Pérolas do povo

Eu bem que desconfiava. Mas, só agora, fiquei sabendo de verdade, e tomo a liberdade de revelar, em primeira mão, para você: – Tenho pr...


Eu bem que desconfiava. Mas, só agora, fiquei sabendo de verdade, e tomo a liberdade de revelar, em primeira mão, para você: – Tenho profundas ligações com o Japão, China e a Indonésia. Descobri isso, por acaso, como quem descobre ouro sobre a lama. A lama, no caso, é minha coluna, com suas inúmeras ramificações nervosas.

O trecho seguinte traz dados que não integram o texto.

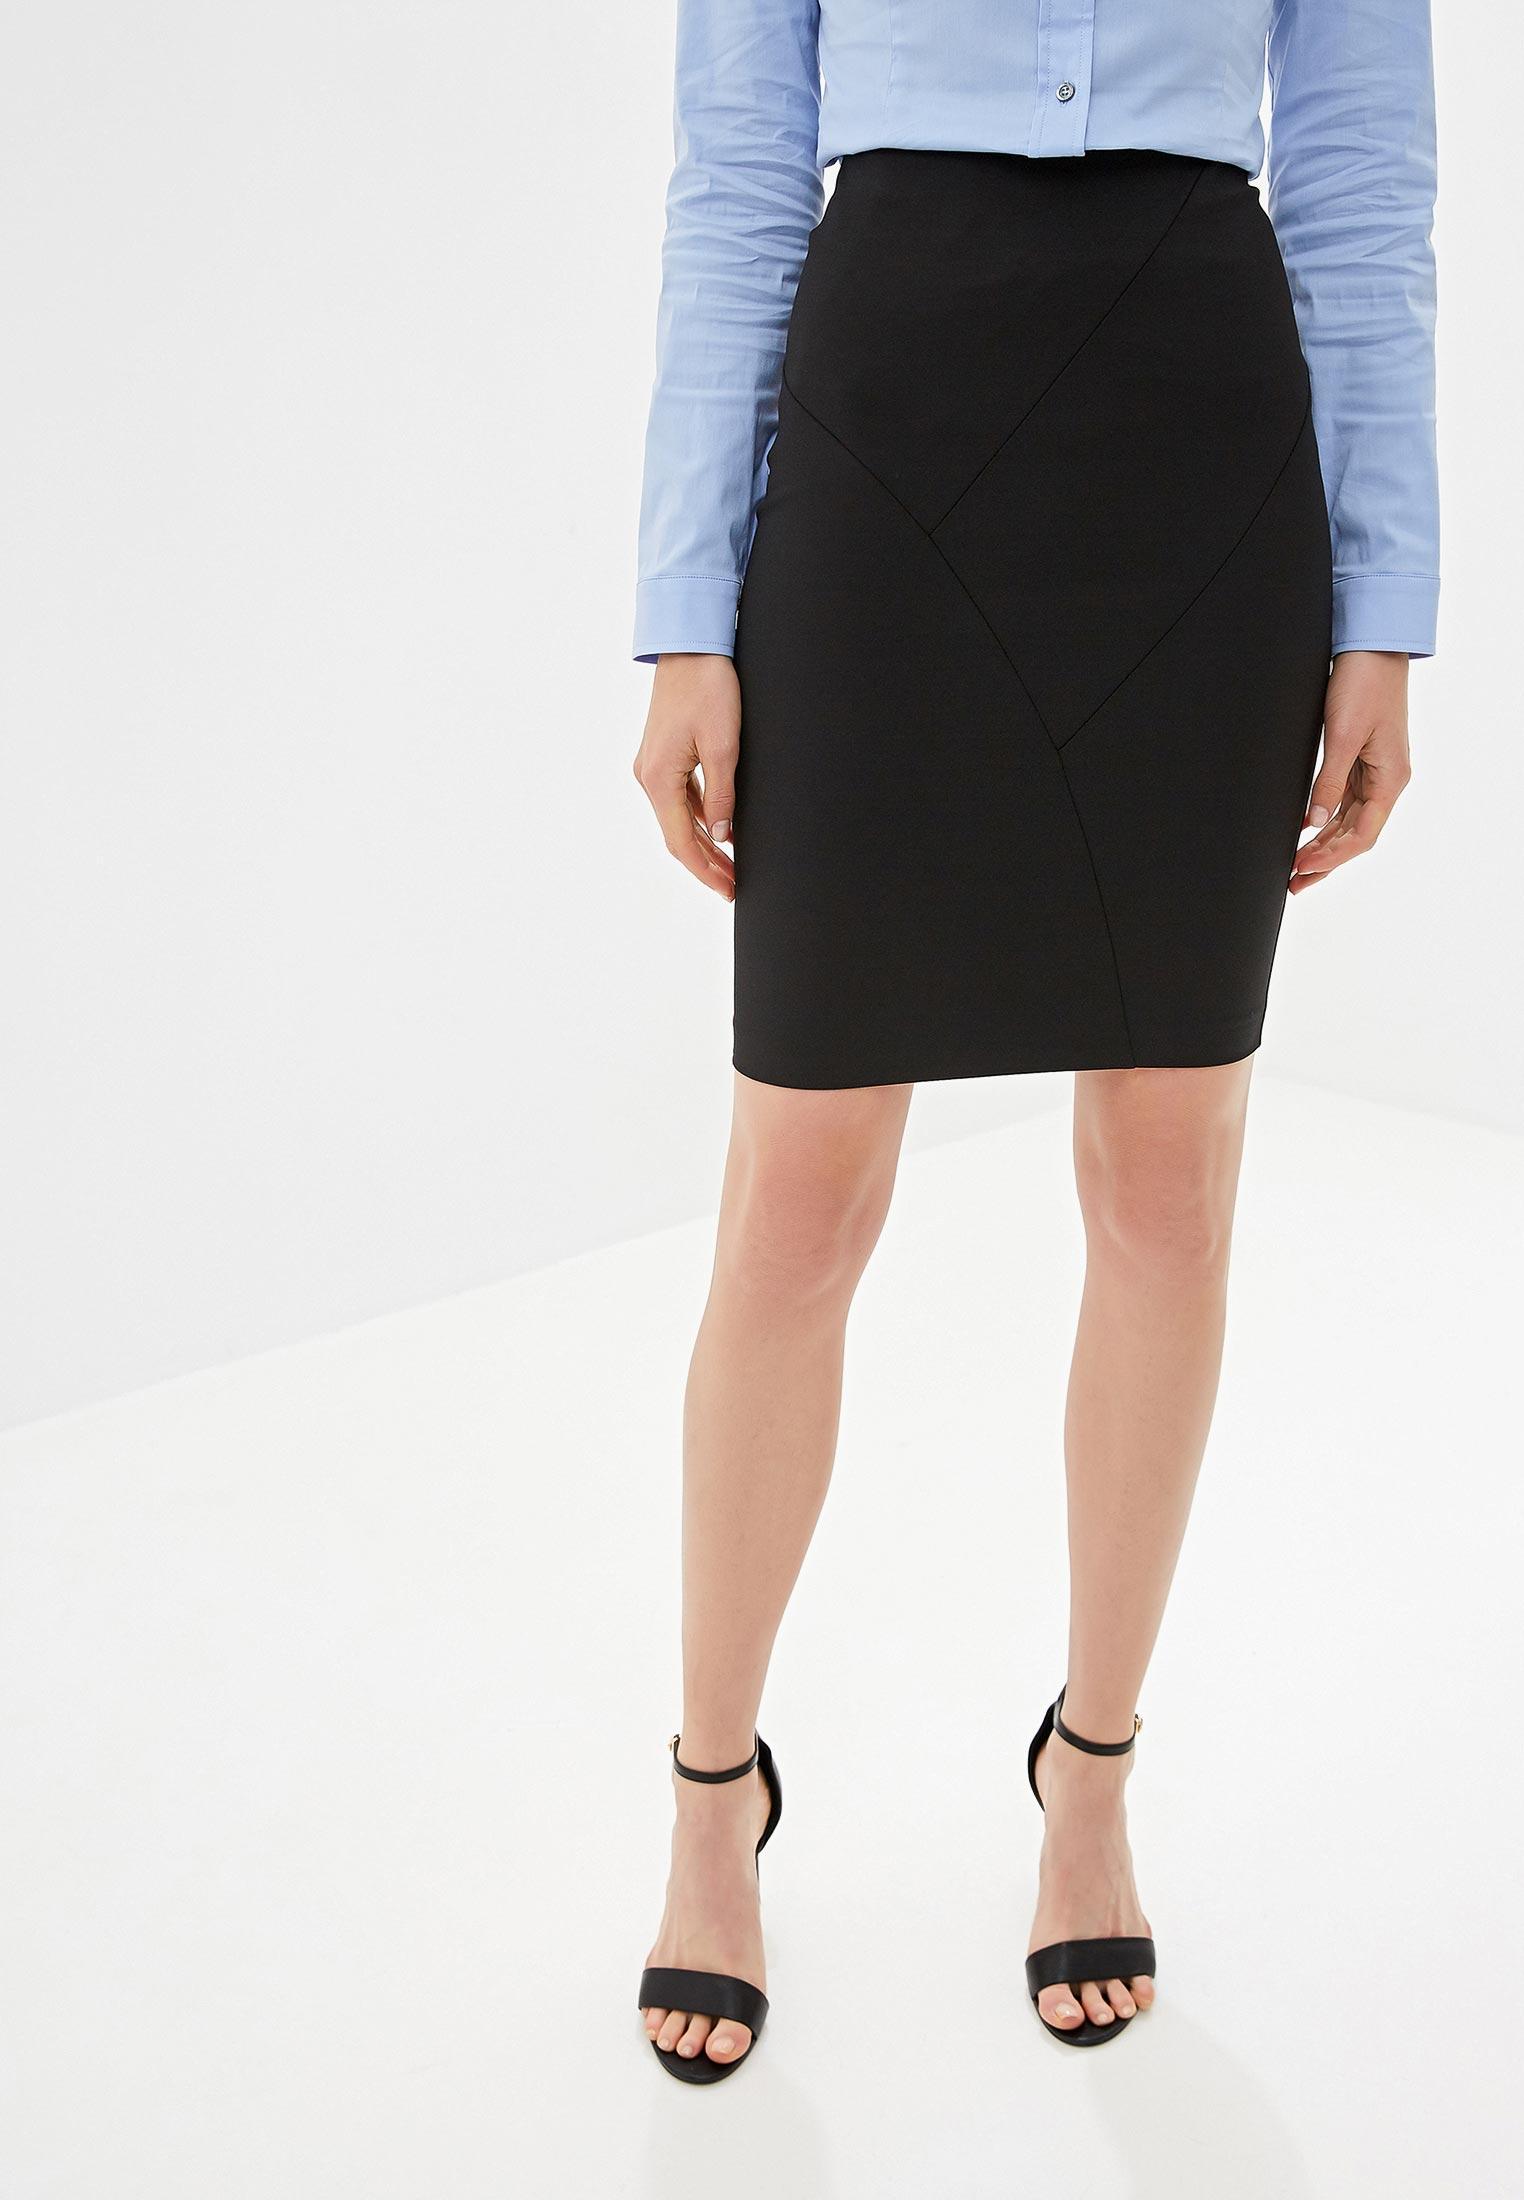 Узкая юбка Patrizia Pepe (Патриция Пепе) 8G0167

Cheguei mancando no trabalho, mas fui interceptado antes mesmo de pegar no batente. Ao ver, com pesar, minha manqueira ela disse-me que sabia do meu problema e que já tinha passado por isso também. Meio surpreso, perguntei aquela senhora, dona de todos os saberes, do que se tratava. Então, ela me disse: Tenho certeza que o senhor está mancando por causa do nervo asiático. A “ficha” demorou um pouco para cair. Enquanto isso, fiquei pensando que sou ligado pelos nervos ao lado oposto do planeta. Acho que tenho esse nervo, minha senhora, mas… Não. É o nervo asiático mesmo. Ele é um inferno. Quando o meu incha eu quase morro. Não posso nem botar o pé no chão que ele repuxa, completou. Diante da evidência dos fatos fiquei sem argumentos. Pedi para que ela rezasse por mim e segui mancando pela rua afora arrastando o peso da Ásia nas costas!

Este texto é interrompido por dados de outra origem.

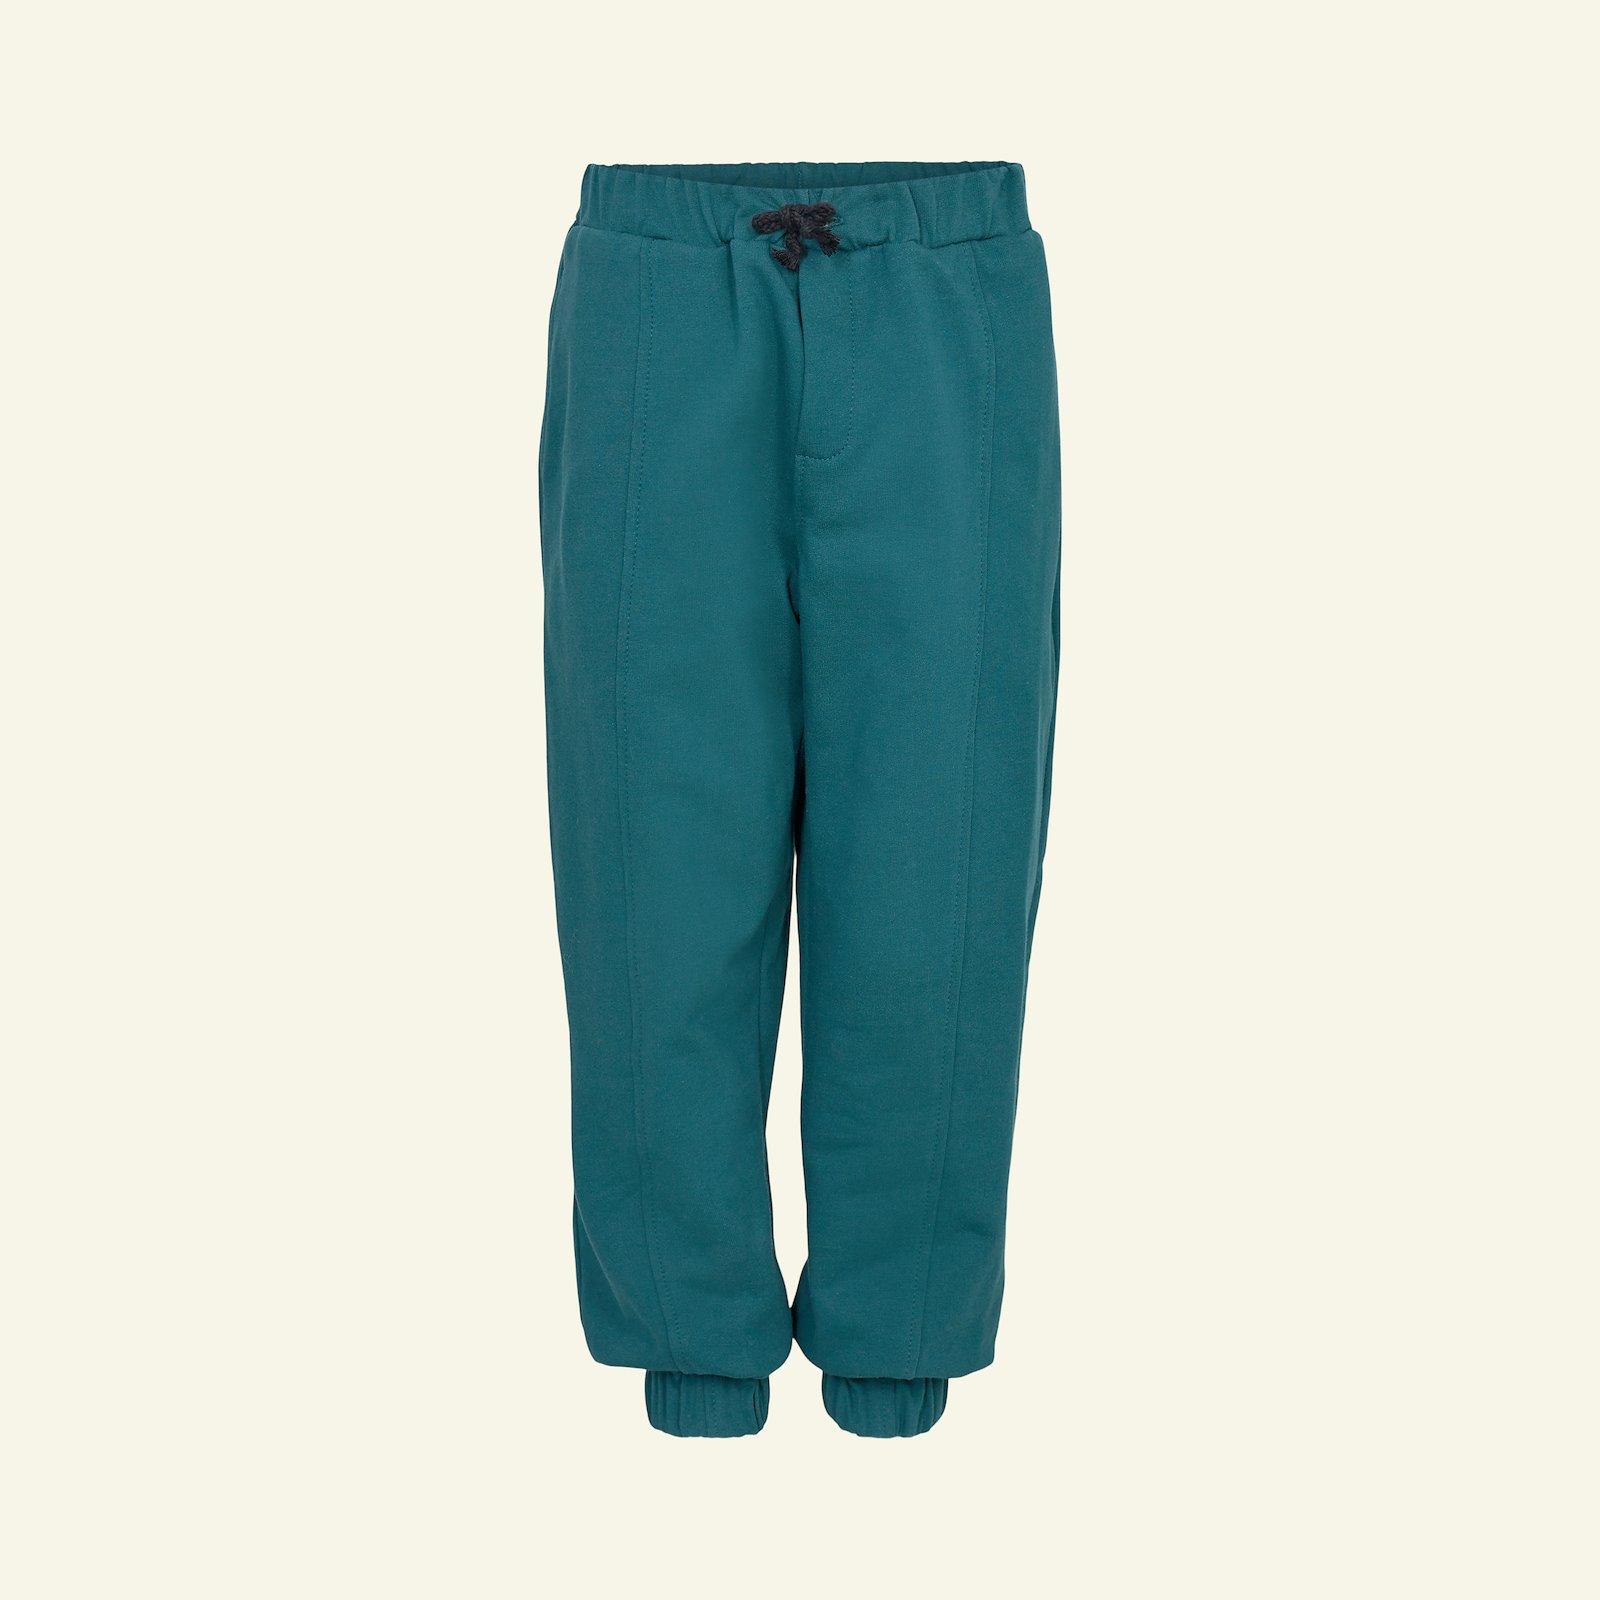 Sweat pants, 164/14y p60040_211775_75243_sskit

Pior do que esse incidente foi o que aconteceu outros dias. Numa conversa entabulada no ponto de ônibus outra senhora me disse chorosa. Padre, o senhor poderia me dar uma bênção? Tudo bem. Bênção a gente não nega a ninguém. Mas, antes quis saber qual seria a causa de tanta inquietação. Ela pensou um pouco, pôs a mão na boca e disse: Sabe, padre, é o meu dente cisne. Ele cismou de nascer agora que estou velha e está me matando…  Por instantes pensei que ela segurasse a boca com a mão para evitar o voo do cisne. Nesse caso, deveriam ser dois. Cisne não deve andar desencasalado, pensei. Fiz de conta que nada entendi e estendi a mão sobre a boa senhora que saiu feliz com os cisnes quietos na boca.

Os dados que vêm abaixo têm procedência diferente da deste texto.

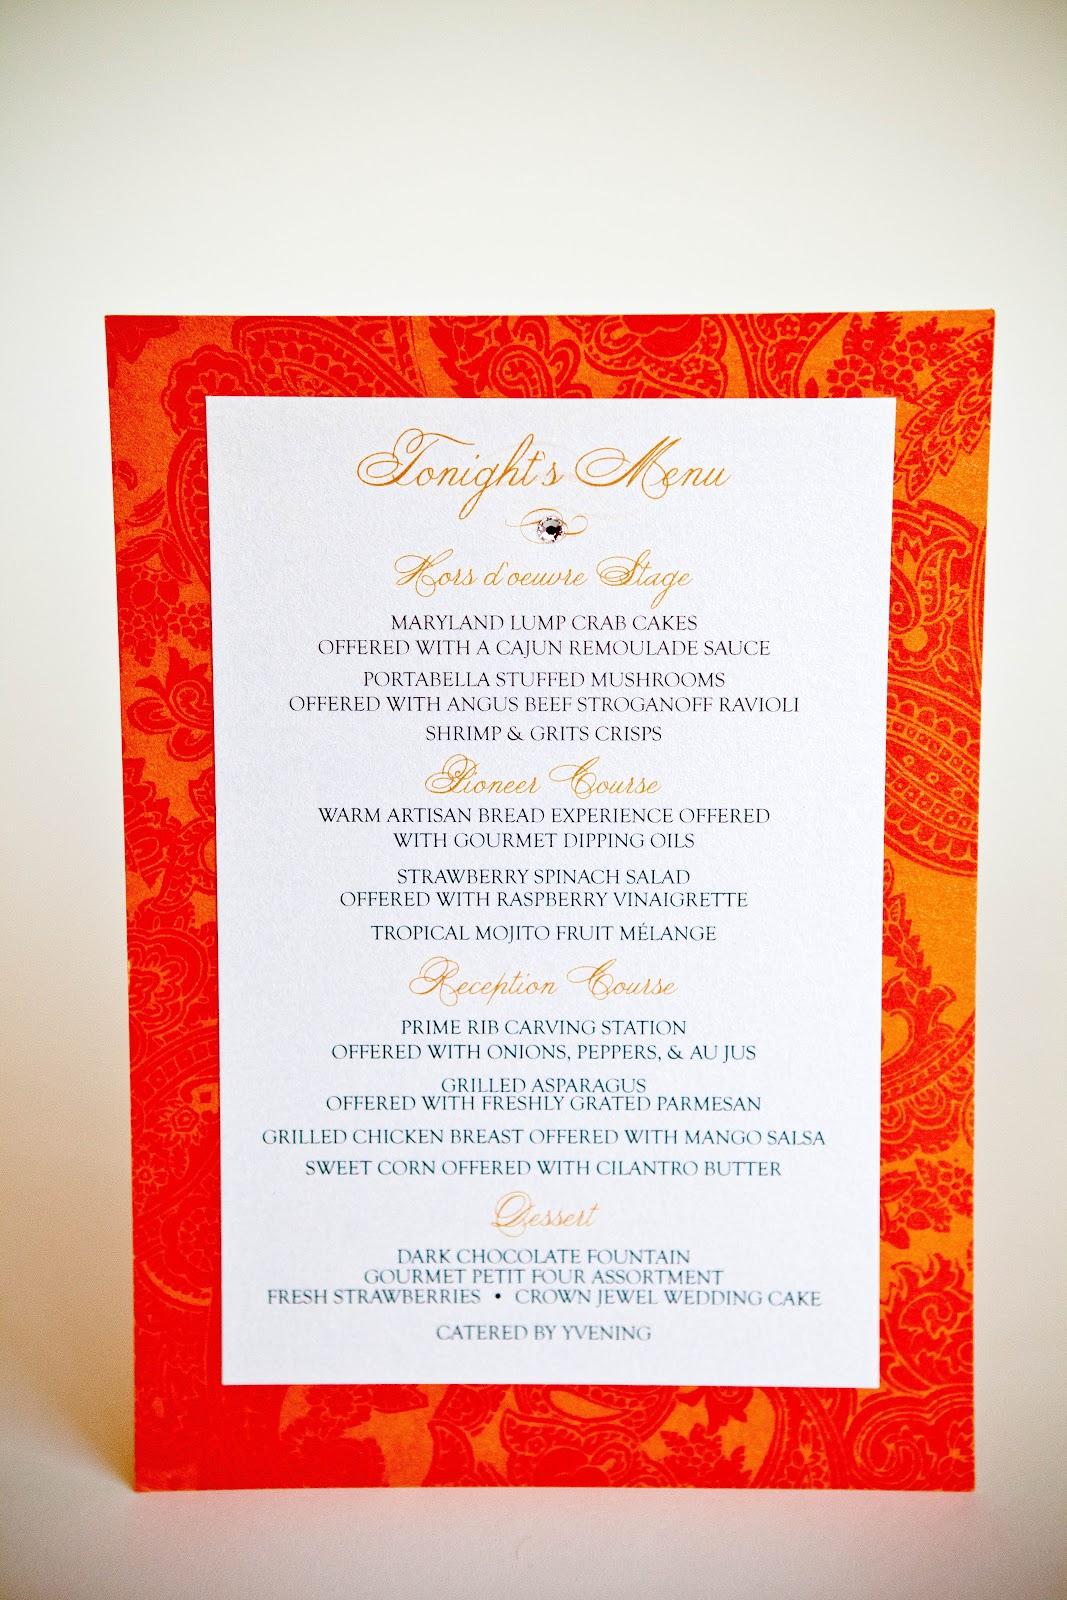 Menu Cards Wedding Baltimore Invitations Kindly RSVP Designs Blog

Outros dias aconteceu algo parecido. A ligação estava péssima. O celular parecia engolir a voz do  interlocutor que era meio fanhoso, mas insistia em esticar conversa. A certa altura, dizia-me, revoltado, que o que mais o indignava era a “roubareia”. Por instantes pensei: Mas, quem poderia estar roubando areia desse pobre infeliz? Aliás, esse roubo seria inédito pro meu repertório. Imagine o peso de um saco de areia! Fiquei tentando ligar os pontos da conversa para entender o sentido do discurso. Só mais tarde percebi que ele mencionava à roubalheira no Congresso Nacional.

Assim, vou colecionando pérolas no grande laboratório, a céu aberto, formado pelas ruas e encruzilhadas de nossas cidades. Tais pérolas gastam tempo para serem produzidas e brotam de lábios simples de quem aprendeu a ser feliz com pouco.

Agora aprendi, que  além de padecer com os nervos asiáticos, estou correndo um sério risco de sofrer com o nascimento de dois cisnes na  boca. Que Deus me ajude a nunca perder esse contato tão bom com meu povo, a quem tanto amo e admiro!